Problem to solve:
Lines from the one containing "Get ready to" to the end of the records, both ends included and exactly as written, are the whole answer, and no pictures go in it.
───
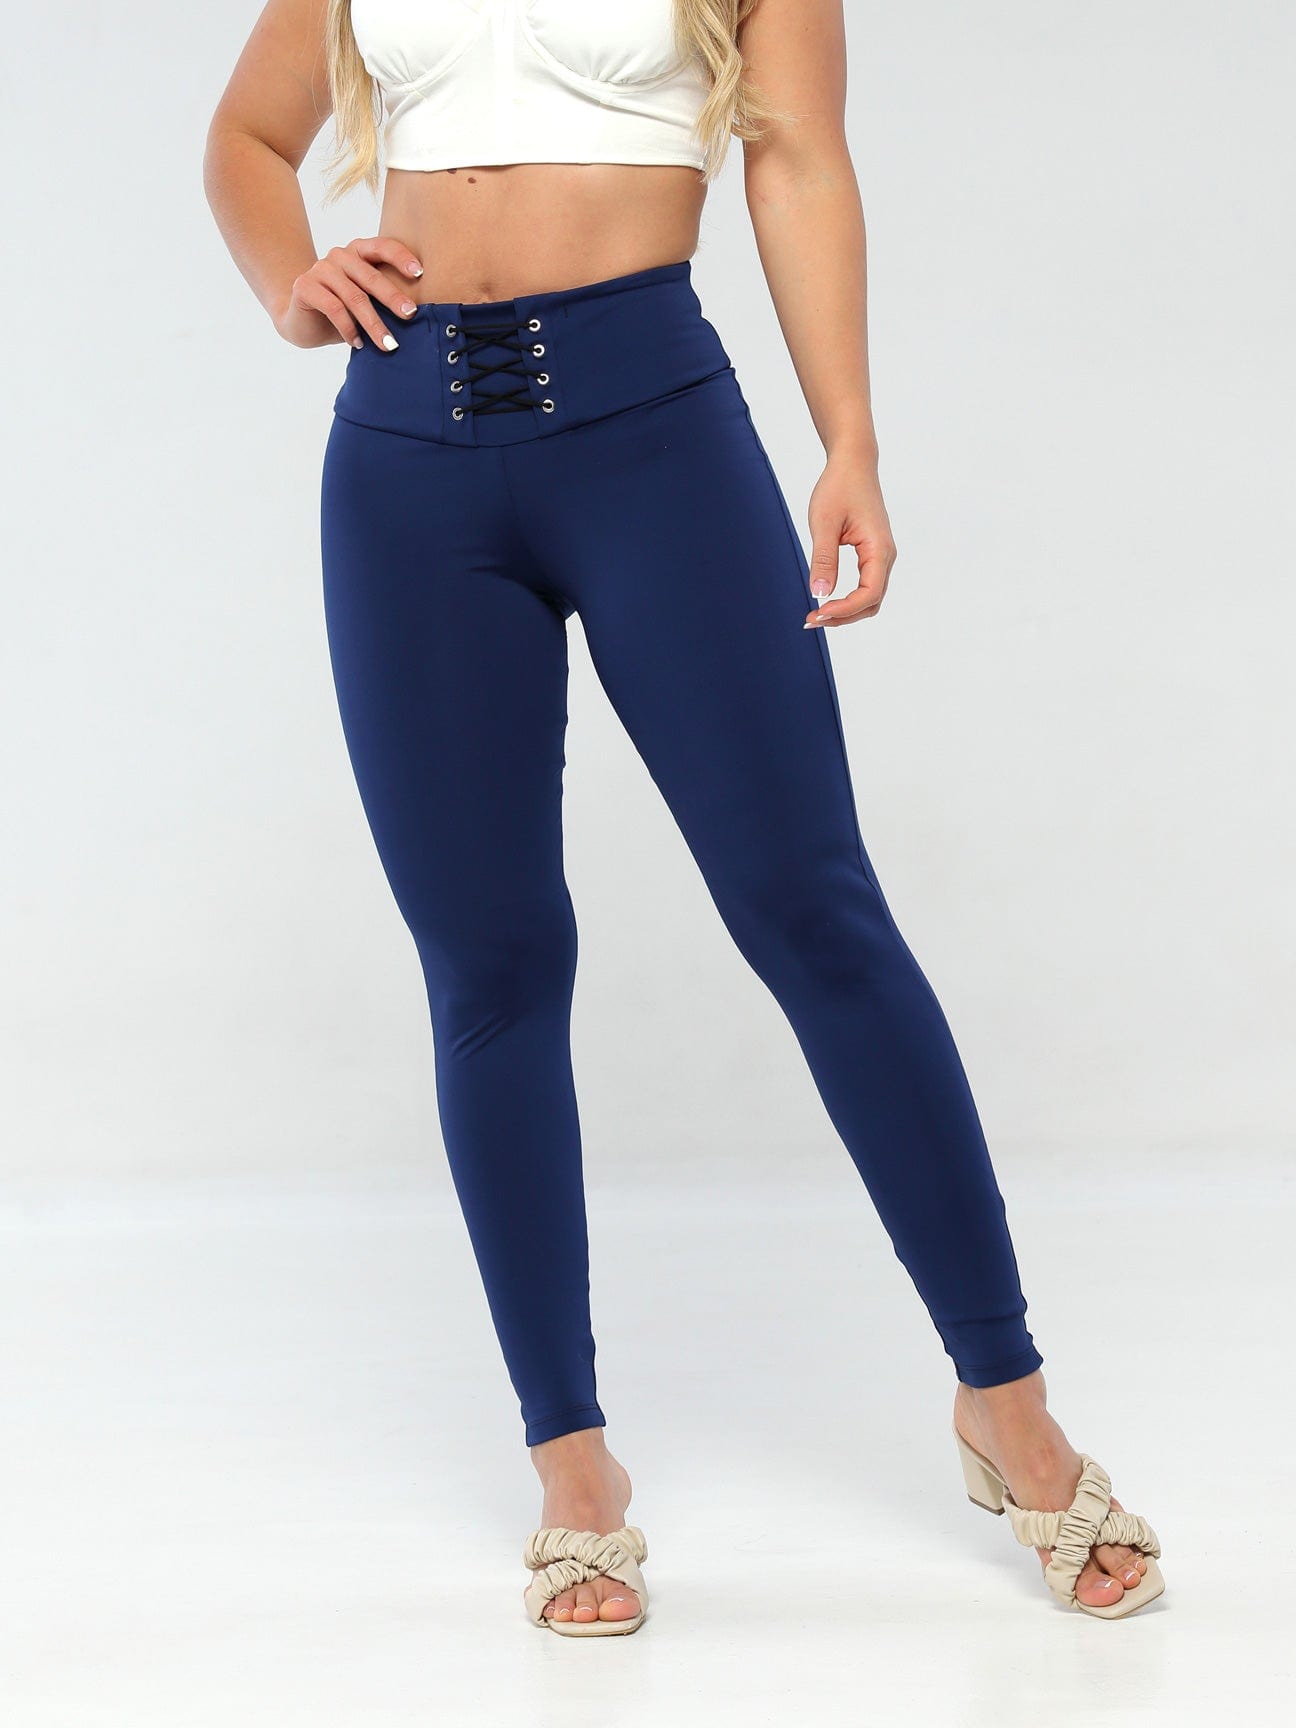 colombian leggings for women Pants High Waisted Jeggings Tummy
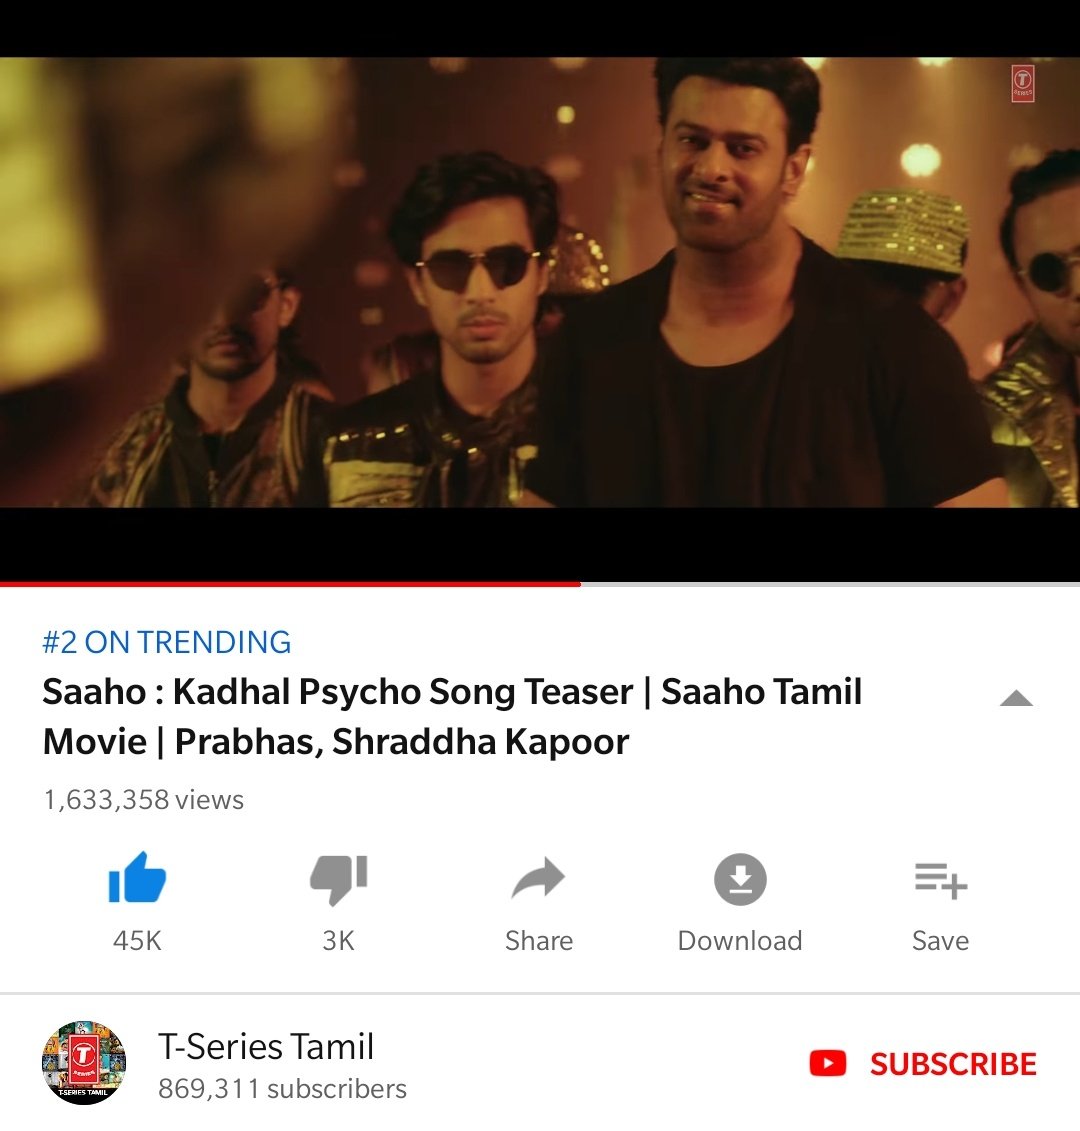 #KadhalPsycho #PsychoSaiyaan Tamil version clocked 1.63M+ views and 45K+ Likes 💥
Still trending at #2 YT.....

Get ready to hop on full song from 8th July 🕺💃

#PyschoSaiyaan 🎧
#Prabhas #Saaho
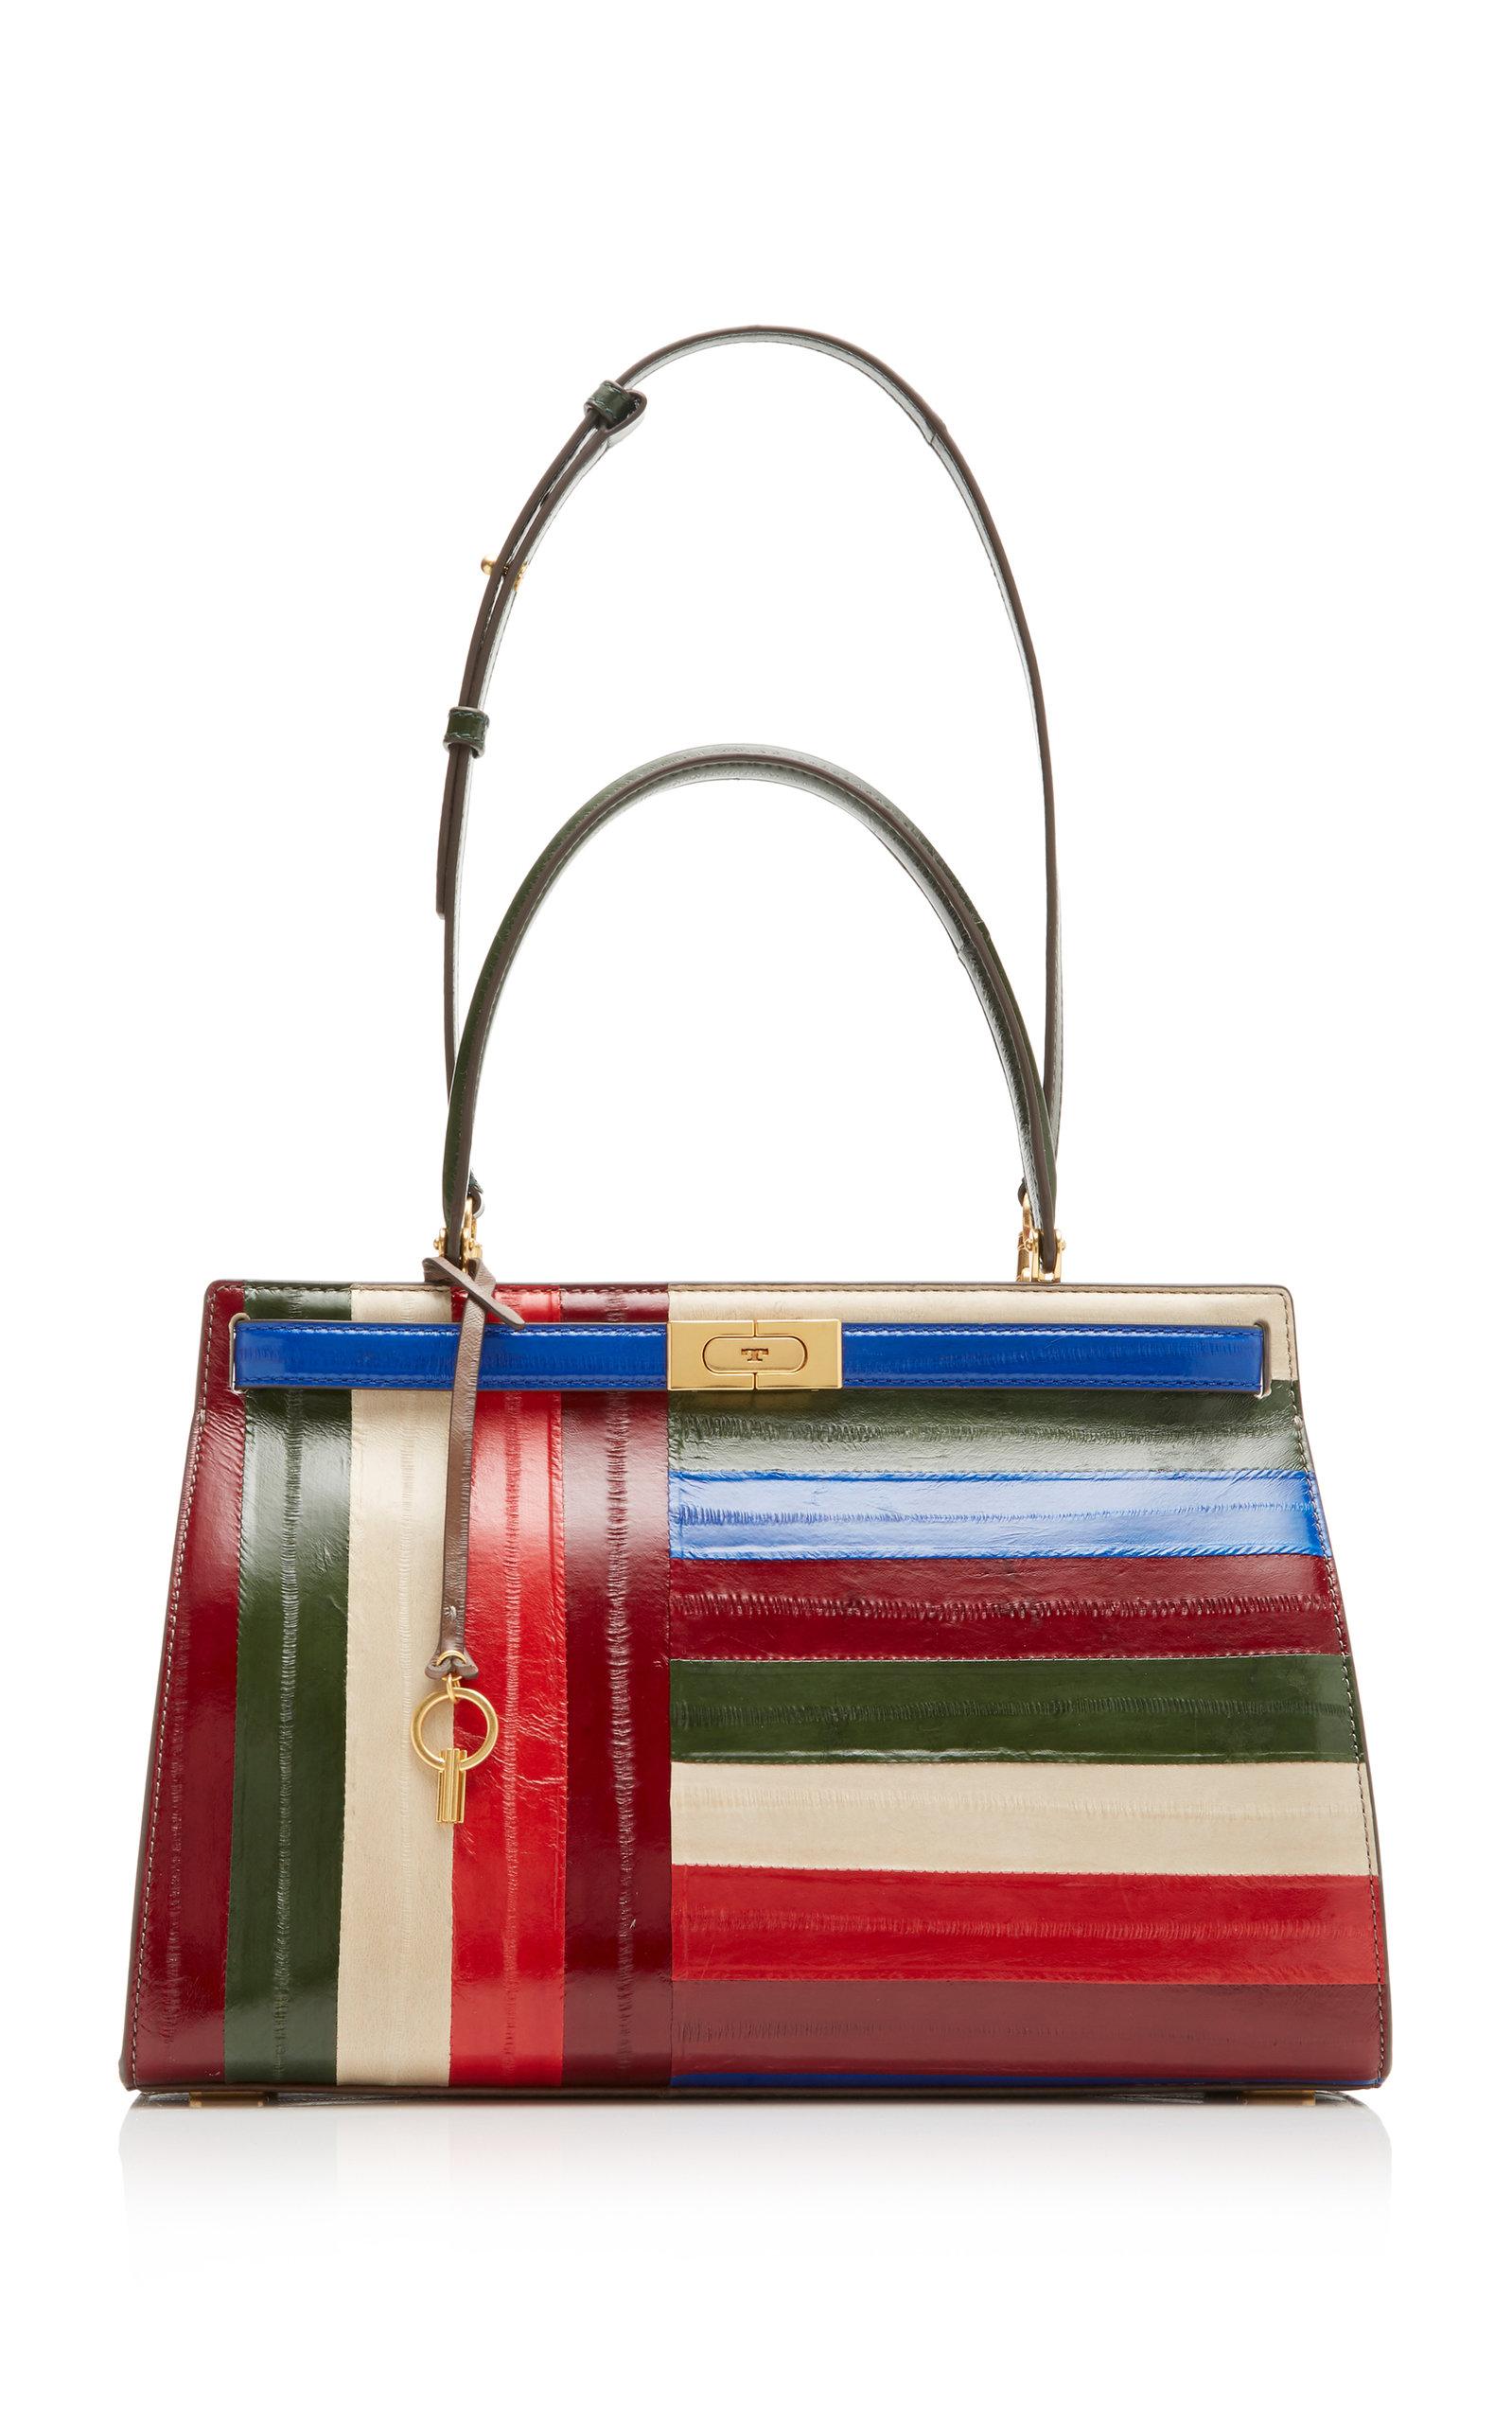 Lee Radziwill Small Double Bag: Women's Handbags, Satchels
───
Response to this task:
Get ready to hop on full song from 8th July 🕺💃

#PyschoSaiyaan 🎧
#Prabhas #Saaho
 Lee Radziwill Small Double Bag: Women's Handbags, Satchels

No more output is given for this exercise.